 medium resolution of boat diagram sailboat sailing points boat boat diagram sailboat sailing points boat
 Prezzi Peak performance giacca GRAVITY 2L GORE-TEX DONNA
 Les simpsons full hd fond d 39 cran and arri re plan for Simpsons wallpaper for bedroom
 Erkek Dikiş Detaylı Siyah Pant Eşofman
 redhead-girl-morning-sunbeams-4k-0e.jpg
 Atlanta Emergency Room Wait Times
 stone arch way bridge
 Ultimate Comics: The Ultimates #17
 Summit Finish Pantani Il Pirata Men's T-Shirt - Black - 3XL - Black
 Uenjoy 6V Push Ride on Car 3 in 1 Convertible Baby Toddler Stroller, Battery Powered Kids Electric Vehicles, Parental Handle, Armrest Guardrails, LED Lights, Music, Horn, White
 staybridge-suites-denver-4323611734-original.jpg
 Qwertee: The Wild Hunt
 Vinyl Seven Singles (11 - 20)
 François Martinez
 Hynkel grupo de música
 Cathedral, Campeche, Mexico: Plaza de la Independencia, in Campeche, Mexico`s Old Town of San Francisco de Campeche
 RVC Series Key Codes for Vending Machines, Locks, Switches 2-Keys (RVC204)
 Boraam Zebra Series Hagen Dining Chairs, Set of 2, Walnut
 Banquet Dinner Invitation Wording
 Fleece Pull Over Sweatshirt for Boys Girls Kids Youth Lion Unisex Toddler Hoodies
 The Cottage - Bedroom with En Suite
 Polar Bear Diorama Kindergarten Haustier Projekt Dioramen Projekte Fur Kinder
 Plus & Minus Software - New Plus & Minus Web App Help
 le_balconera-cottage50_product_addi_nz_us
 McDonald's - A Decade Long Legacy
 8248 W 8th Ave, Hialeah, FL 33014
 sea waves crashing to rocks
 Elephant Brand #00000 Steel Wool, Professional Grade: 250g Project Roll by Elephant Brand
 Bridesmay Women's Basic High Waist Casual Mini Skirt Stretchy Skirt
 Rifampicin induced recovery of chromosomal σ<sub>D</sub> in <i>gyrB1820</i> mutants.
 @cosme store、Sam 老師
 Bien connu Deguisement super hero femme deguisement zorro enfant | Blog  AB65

::::::

— WHAT YOU HAVE TO DO —
Output each entry once again, exactly as shown above.

— RESULT OF THIS EXERCISE —
 medium resolution of boat diagram sailboat sailing points boat boat diagram sailboat sailing points boat
 Prezzi Peak performance giacca GRAVITY 2L GORE-TEX DONNA
 Les simpsons full hd fond d 39 cran and arri re plan for Simpsons wallpaper for bedroom
 Erkek Dikiş Detaylı Siyah Pant Eşofman
 redhead-girl-morning-sunbeams-4k-0e.jpg
 Atlanta Emergency Room Wait Times
 stone arch way bridge
 Ultimate Comics: The Ultimates #17
 Summit Finish Pantani Il Pirata Men's T-Shirt - Black - 3XL - Black
 Uenjoy 6V Push Ride on Car 3 in 1 Convertible Baby Toddler Stroller, Battery Powered Kids Electric Vehicles, Parental Handle, Armrest Guardrails, LED Lights, Music, Horn, White
 staybridge-suites-denver-4323611734-original.jpg
 Qwertee: The Wild Hunt
 Vinyl Seven Singles (11 - 20)
 François Martinez
 Hynkel grupo de música
 Cathedral, Campeche, Mexico: Plaza de la Independencia, in Campeche, Mexico`s Old Town of San Francisco de Campeche
 RVC Series Key Codes for Vending Machines, Locks, Switches 2-Keys (RVC204)
 Boraam Zebra Series Hagen Dining Chairs, Set of 2, Walnut
 Banquet Dinner Invitation Wording
 Fleece Pull Over Sweatshirt for Boys Girls Kids Youth Lion Unisex Toddler Hoodies
 The Cottage - Bedroom with En Suite
 Polar Bear Diorama Kindergarten Haustier Projekt Dioramen Projekte Fur Kinder
 Plus & Minus Software - New Plus & Minus Web App Help
 le_balconera-cottage50_product_addi_nz_us
 McDonald's - A Decade Long Legacy
 8248 W 8th Ave, Hialeah, FL 33014
 sea waves crashing to rocks
 Elephant Brand #00000 Steel Wool, Professional Grade: 250g Project Roll by Elephant Brand
 Bridesmay Women's Basic High Waist Casual Mini Skirt Stretchy Skirt
 Rifampicin induced recovery of chromosomal σ<sub>D</sub> in <i>gyrB1820</i> mutants.
 @cosme store、Sam 老師
 Bien connu Deguisement super hero femme deguisement zorro enfant | Blog  AB65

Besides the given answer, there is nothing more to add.